__Exercise objective__: After locating the line with "Adidas Pants Beckenbauer Jamaica. 1" in the entries below, output it and each following line up to and including the line with "Konigin Elizabeth Ii", exactly and without pictures.

__Provided entries__:
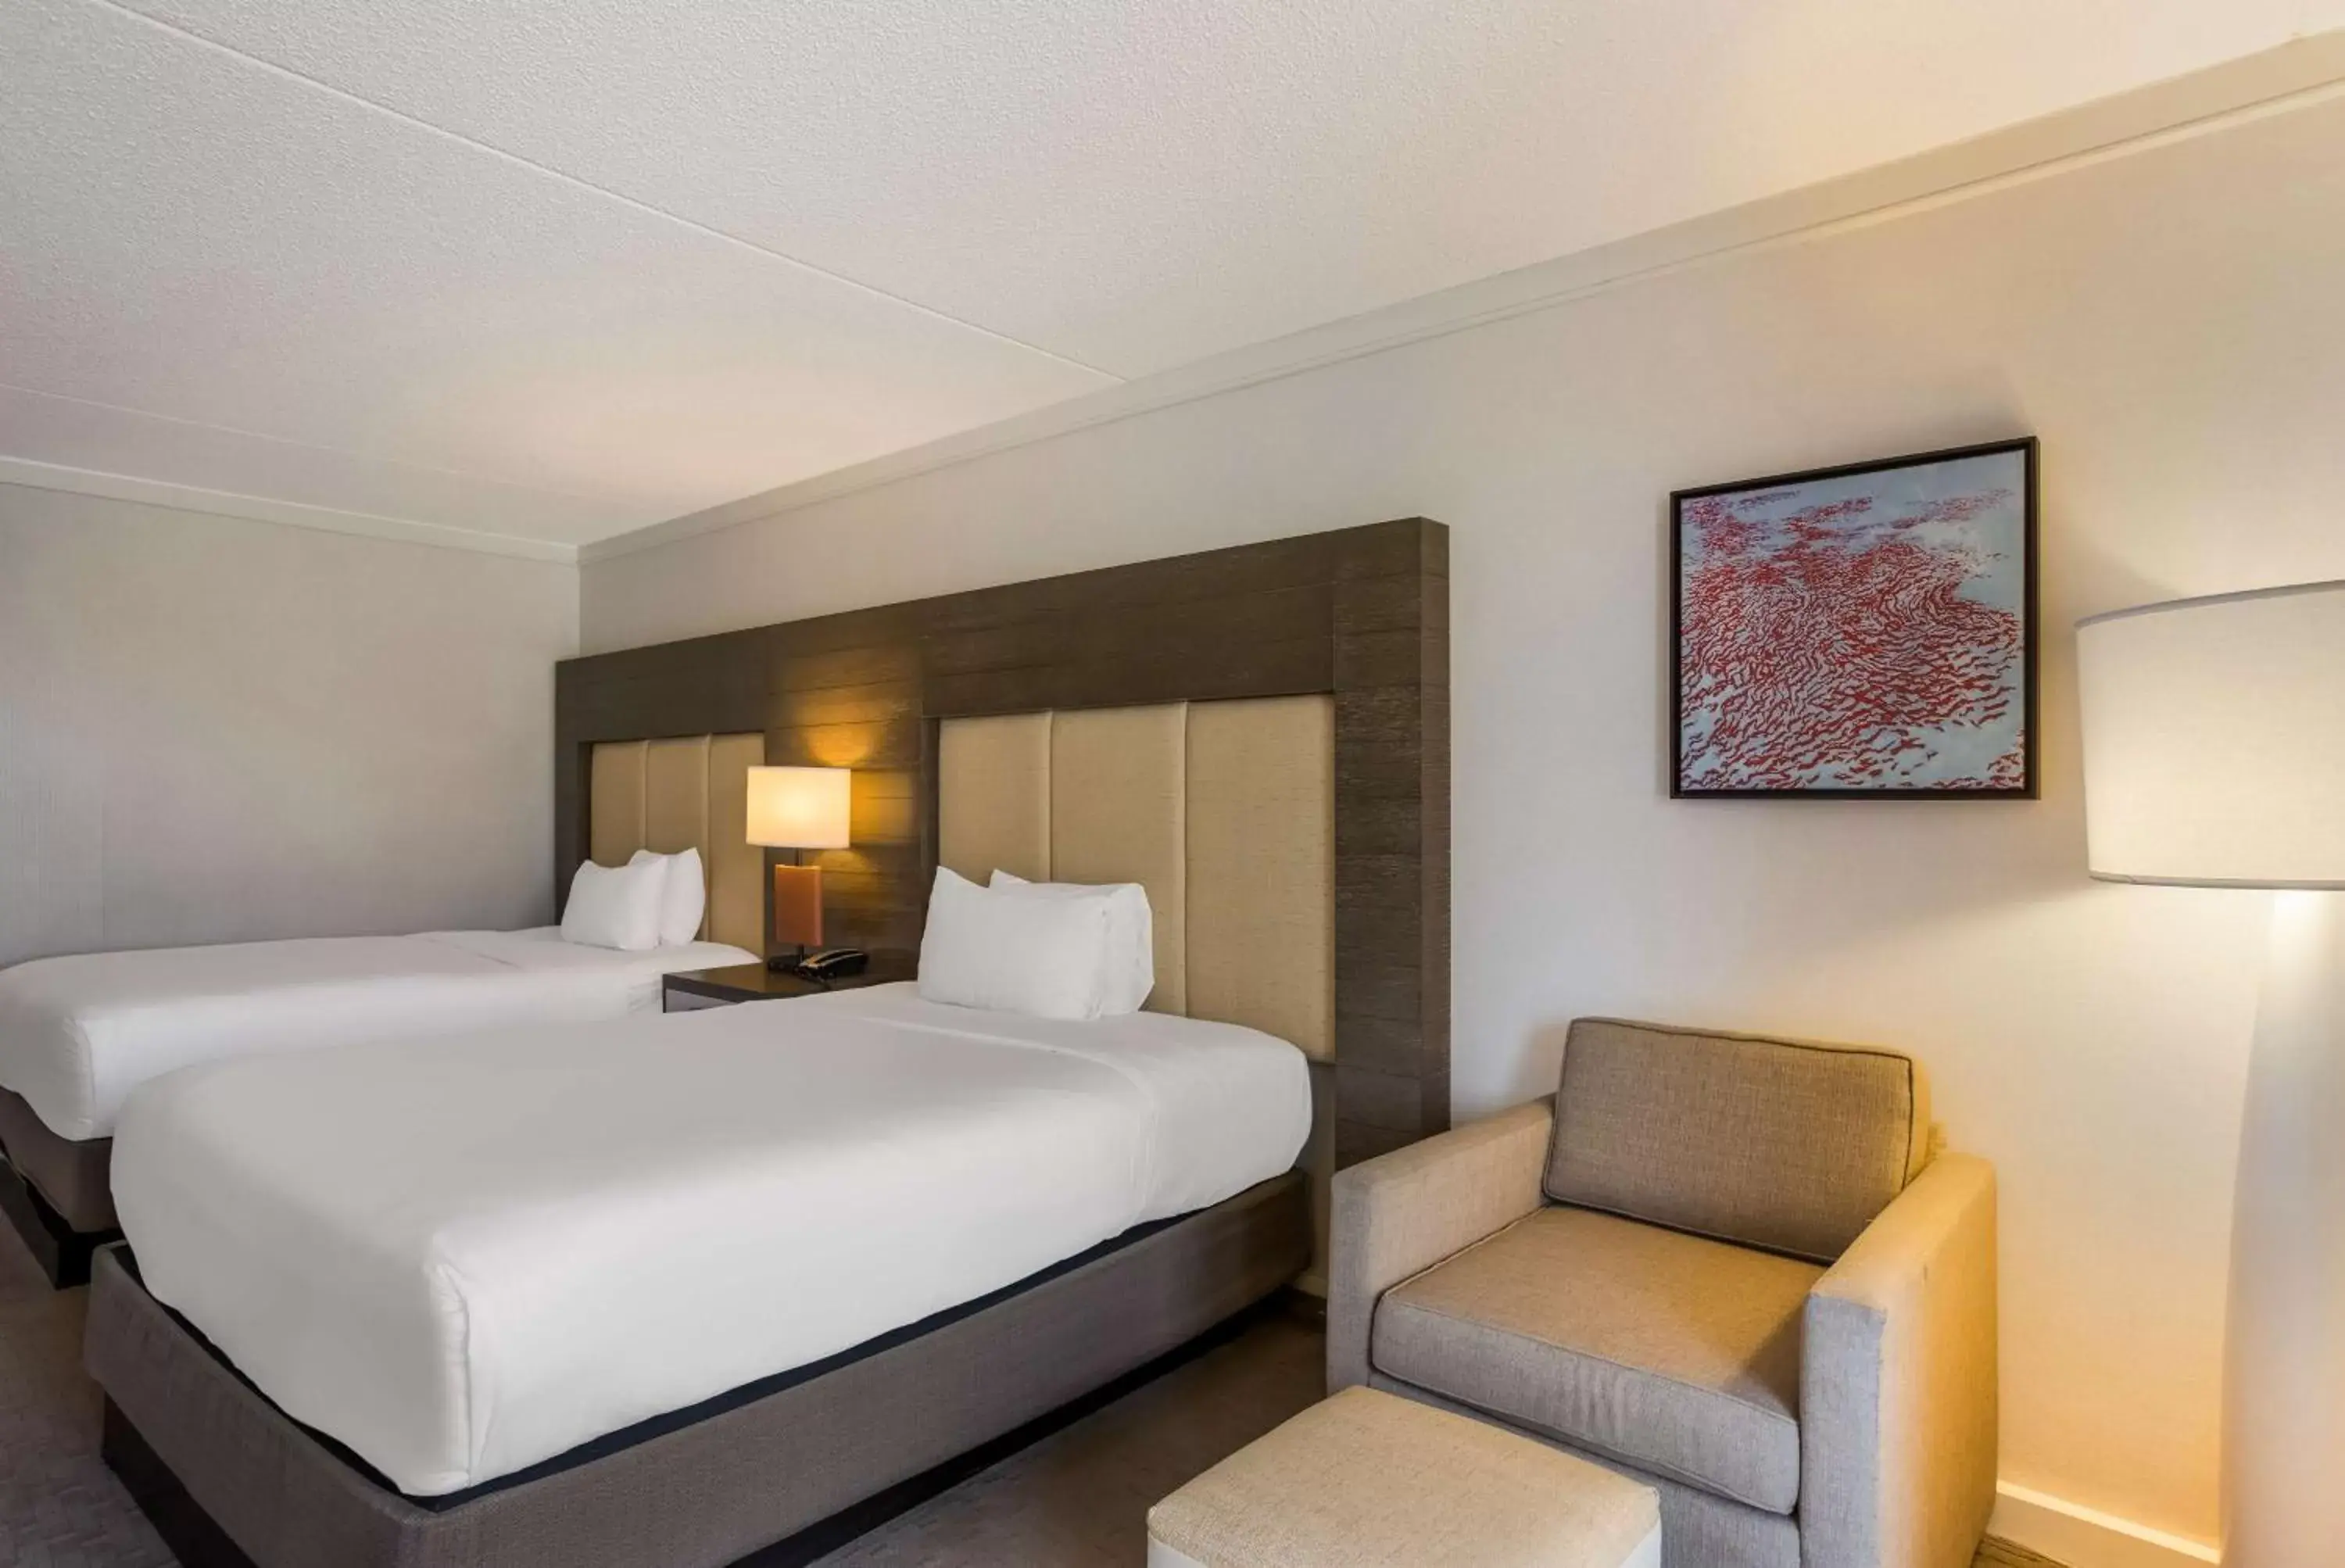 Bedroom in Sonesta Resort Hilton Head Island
==
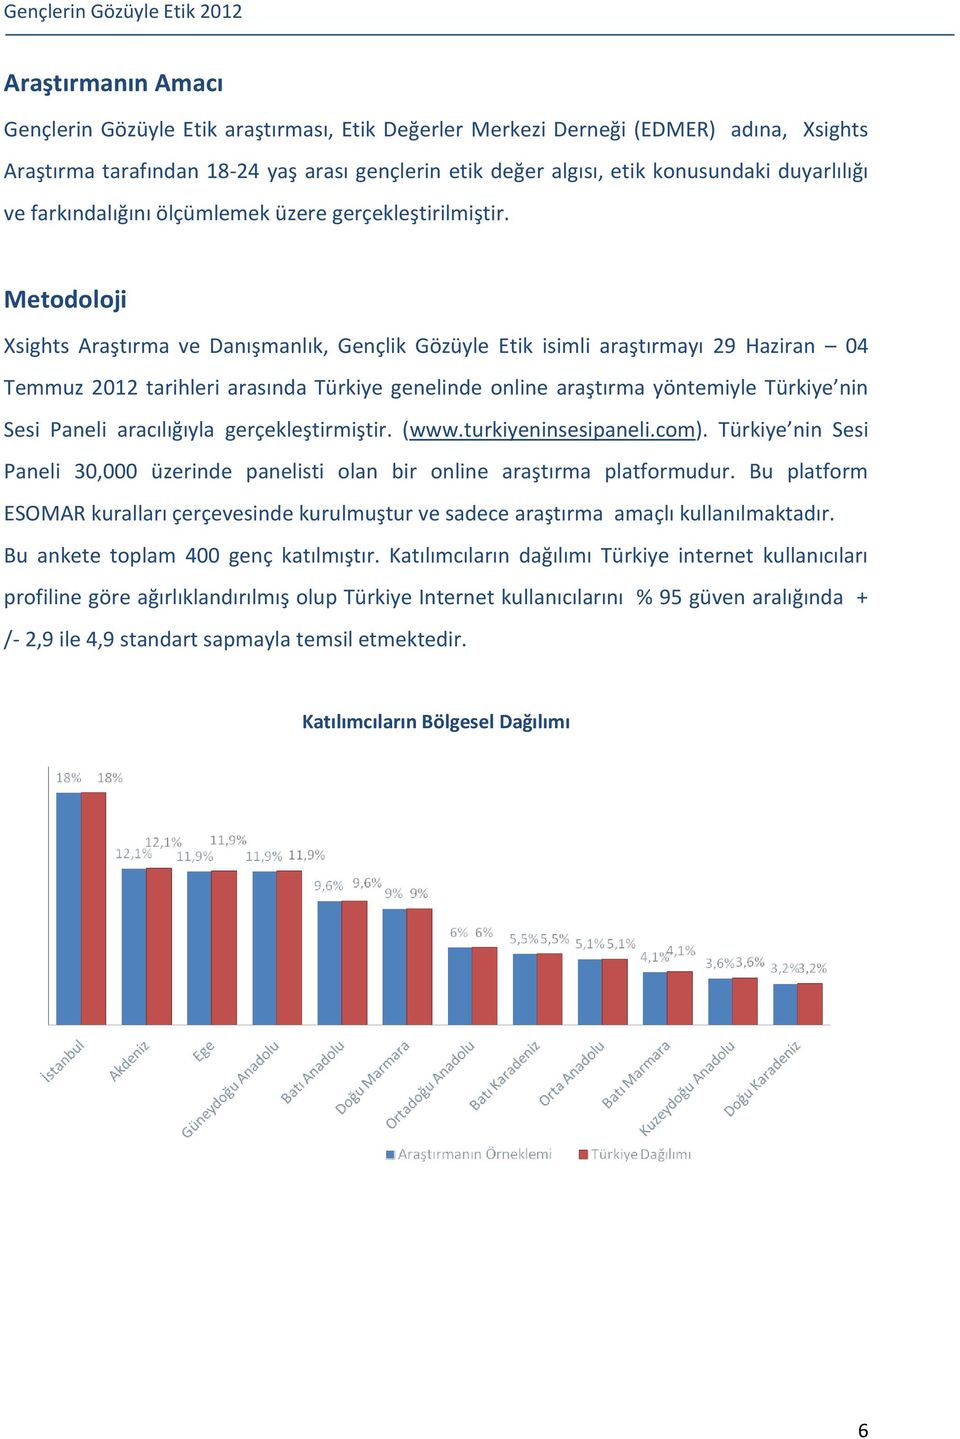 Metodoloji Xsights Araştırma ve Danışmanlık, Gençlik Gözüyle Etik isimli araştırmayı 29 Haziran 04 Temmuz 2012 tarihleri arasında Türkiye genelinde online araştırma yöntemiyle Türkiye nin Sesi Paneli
--
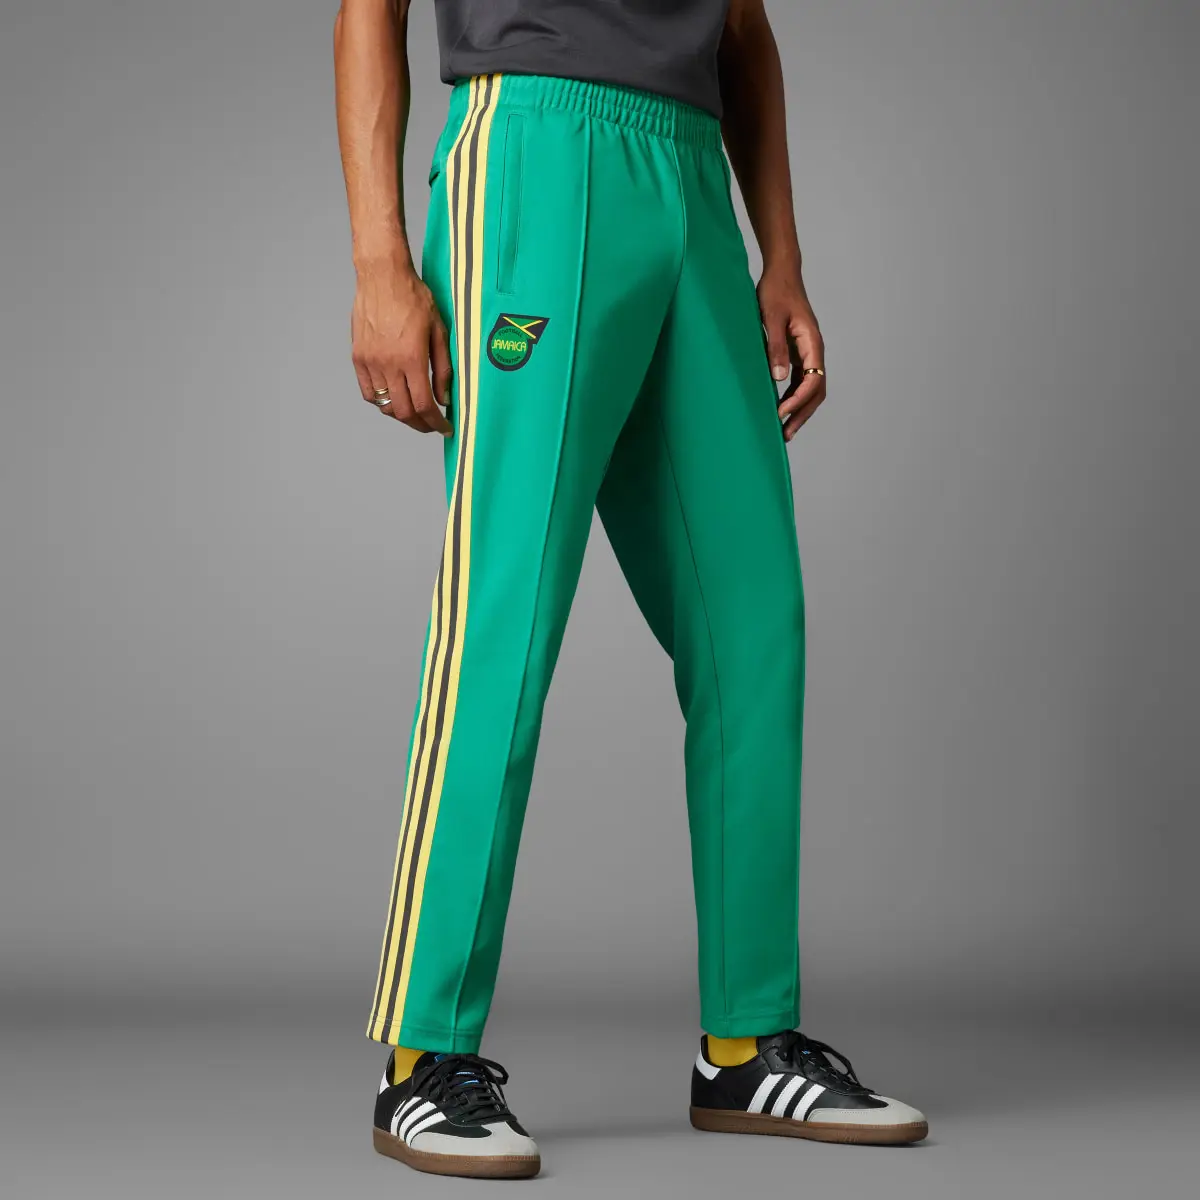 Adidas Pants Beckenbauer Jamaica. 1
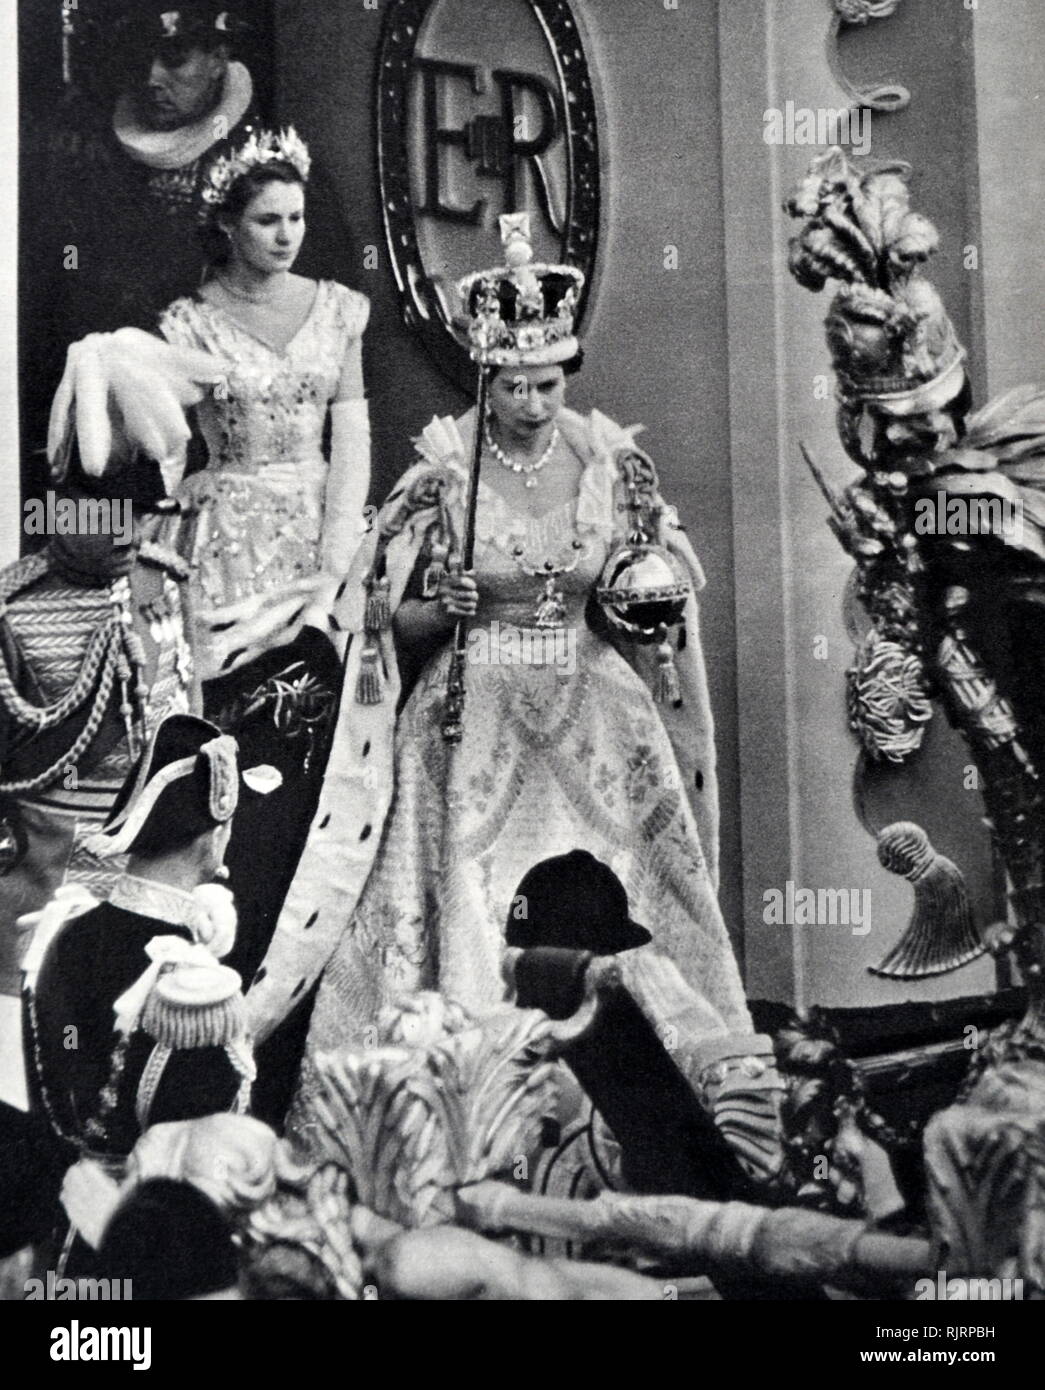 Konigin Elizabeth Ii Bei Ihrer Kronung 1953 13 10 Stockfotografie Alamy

__Your solution__:
 Adidas Pants Beckenbauer Jamaica. 1
 Konigin Elizabeth Ii Bei Ihrer Kronung 1953 13 10 Stockfotografie Alamy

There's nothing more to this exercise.